Голос у женщины удивительно молодой, звонкий, хотя и отрывистый. Тому причиной могло быть, конечно, и ее состояние, но в любом случае это был голос не сорокалетней женщины. Примерный возраст ее Сергей определил по другому признаку. У постели безотлучно дежурили ее взрослые сыновья. Один приходил утром, другой менял его вечером. Молчаливые, сдержанные, они без единого звука сносили капризы матери, окружили ее такой тончайшей, ласковой (касается ран и не саднит) материей заботы, на которую вряд ли способны даже дочери. Их забота была м а т е р и е й еще и потому, что была материальной, никаких слов, никаких выразительных жестов — они просто сторожили каждое желание матери, кормили ее с ложечки, поили, ходили за нею, как за грудным младенцем. Еду носили в термосах, чай кипятили и заваривали прямо в палате, чтоб свежий, пахучий был. Портативный телевизор купили для нее. Стоило матери захотеть, как он водружался на подоконник, и проекция окна, фигурально говоря, удлинялась до бесконечности: видно было не только то, что творилось на улице, но и далеко-далеко за ее пределами. И не только в другом пространстве, но и в другом времени — когда по телевизору повторяли, скажем, «Семнадцать мгновений весны».
Правда, включать телевизор больная почти не просила, испытывала к нему практически полное равнодушие в отличие от ссыльной большевички, которая, едва загорался крохотный экран спитым пульсирующим светом, сама загоралась, пульсировала, обращалась в зрение — еще не притупившееся — и слух. Дальние страны, как и дальние времена, занимали, задевали больную куда меньше, чем то, что было, казалось, так близко — стоило распахнуть окно, высунуться в него или, еще лучше, спуститься по больничной лестнице вниз, и вот оно: охватит, подхватит, понесет, как ласточку в небе.

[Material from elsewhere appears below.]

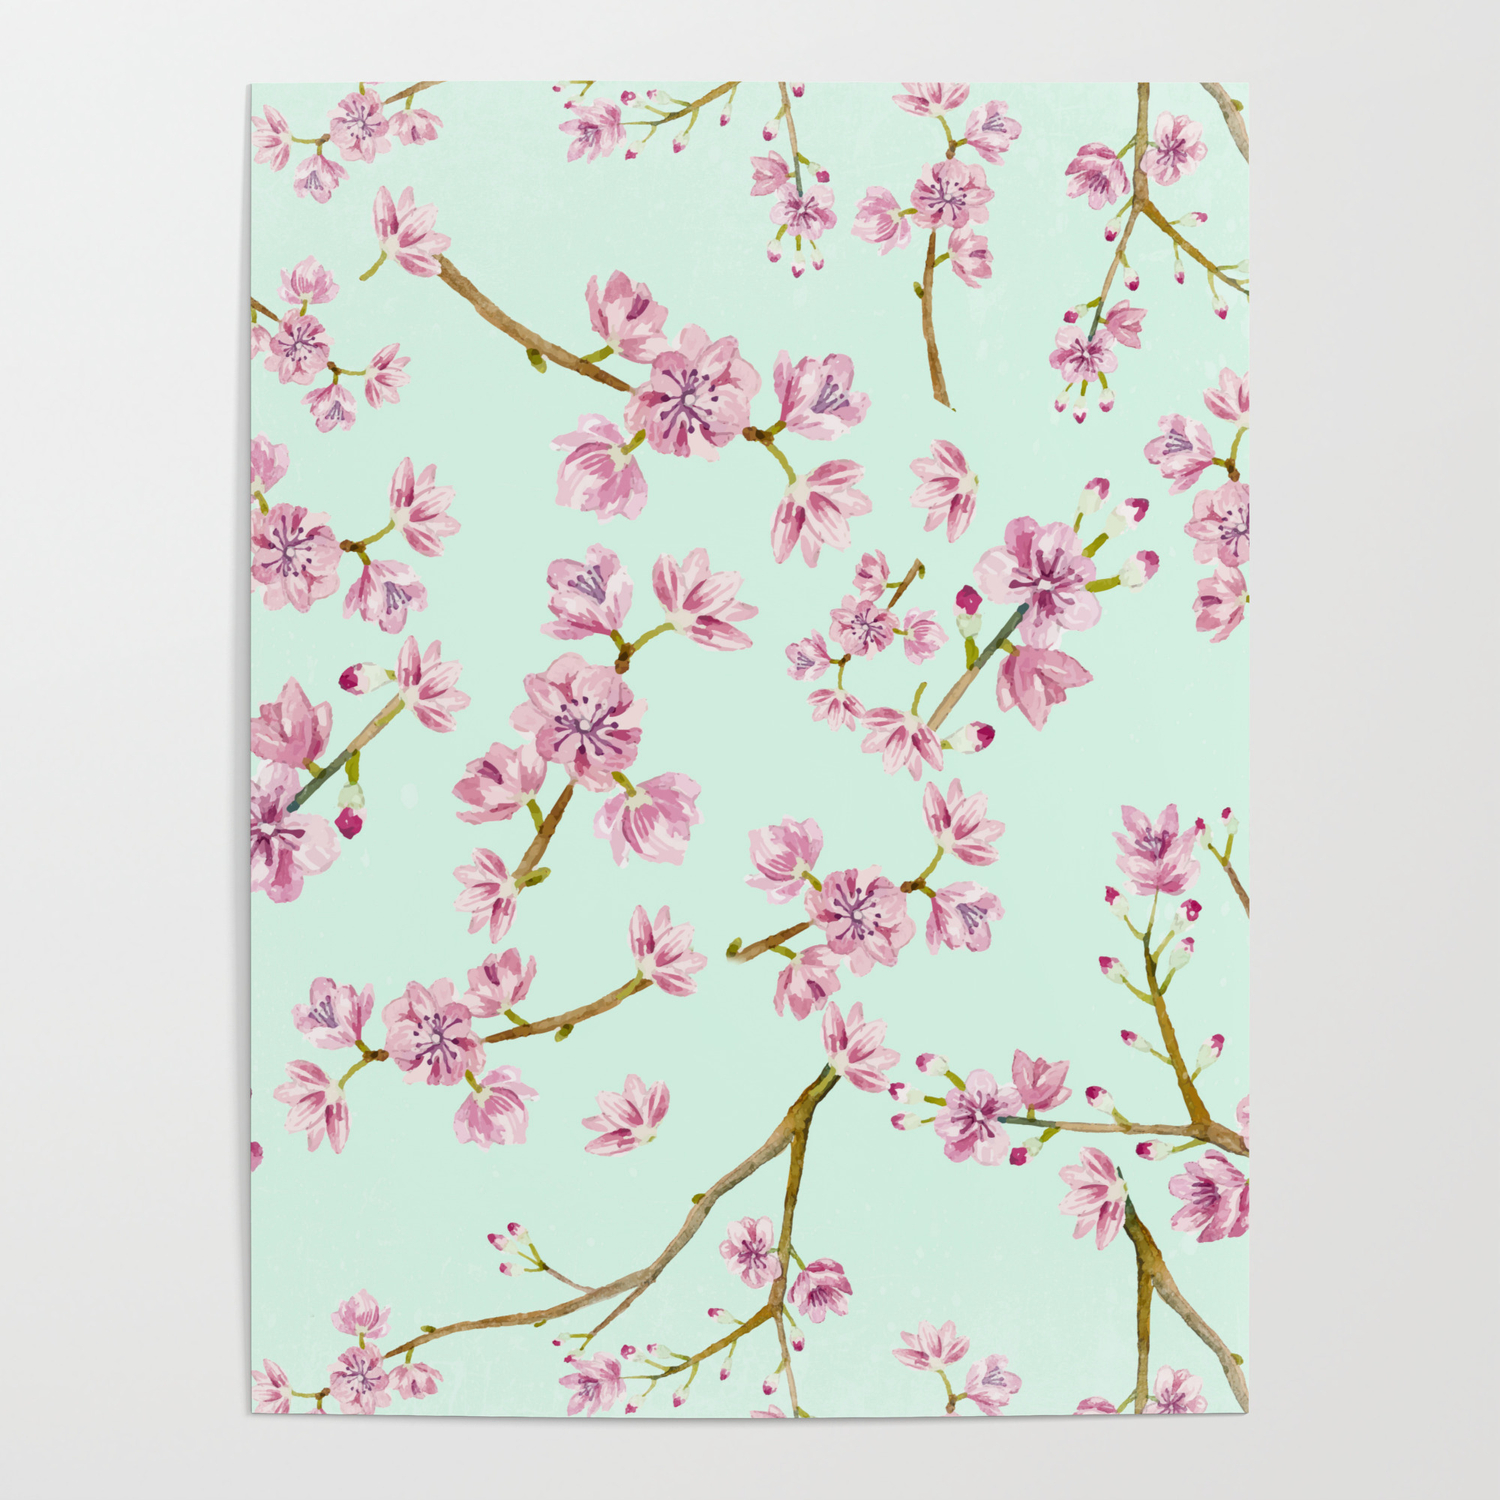 Spring Flowers Mint And Pink Cherry Blossom Pattern Poster By Better Home Society6

Которую само небо, кажется, и несет…
Высунуться, спуститься…
Женщине невозможно пошевелиться. Ее невозможно было пошевельнуть. Малейшие прикосновения причиняли боль, саднили: у нее развивался рак позвоночника. Сыновьям же удавалось то, что не удавалось ни медсестрам, ни врачам, — поворачивать ее так, что она только тихо-тихо стонала.
Дочерям бы точно не удалось: тут надо иметь недюжинную мужскую силу — чтоб мать поднимать как пушинку. И как пушинку легко. И как пушинку бережно.
Ростом они невелики, да и в плечах не косая сажень, но как молодые бычки, надутые, начиненные молодой упругой силой, которая разве что от земли их не поднимала, хотя они и шли, катились по ней, подпрыгивая на малейших кочках. Младший носил очки, без конца съезжавшие набок, наискосок — не могли удержаться в седле, не в состоянии были объездить эту упругую молодую силу, которую по досадной прихоти природы им довелось венчать. Старший очков не носил, под юношеской округлостью уже проступал остов, шар трансформировался в куб — самое прочное, самое жесткое из всех геометрических тел; во всем остальном же они похожи как две капли воды.
По легкой, упругой силе, по цвету кожи, по обаянию чистоплотности и здоровья если и походили на пару бычков, то на тех, которых в деревне называют «выпоенными». Выпоенные, вспоенные цельным материнским молоком…
Младшему лет двадцать, он, судя по всему, студент, старший (двадцати двух — двадцати трех лет), вероятно, уже работал.
Еще одно различие. Если младший при всей сдержанности, шедшей, возможно, от самой ситуации, в которой находилась семья, все же поддерживал разговор и с матерью, и с другими обитателями палаты, то старший был несокрушимым молчуном. Сергей, например, и голоса-то его не знал по той причине, что он его и не подавал. Зайдет, поздоровается кивком и сразу к своему рабочему месту. И пеленает мать, и кормит ее, и ходит за нею без единого слова. Так и получалось, что голос матери знала вся палата, а голос ее старшего сына никто по-настоящему не слыхал. Сама мать, бывало, скажет ему:
— Ты бы, Федор, хоть поговорил со мной. А то скучно с тобой, не то что с Мишей.
Федор молча, грустно улыбался и опускал голову.
Деятельная напористость младшего, который теребил врачей, приглашал профессоров, и истовое, молчаливое служение старшего взаимно дополнялись, сочетались и были теми двумя нитями пряжи, из которых ровно и мерно, без порывов, сплошным тончайшим полотном — маревом, если только марево материально, и ткалась материя заботы.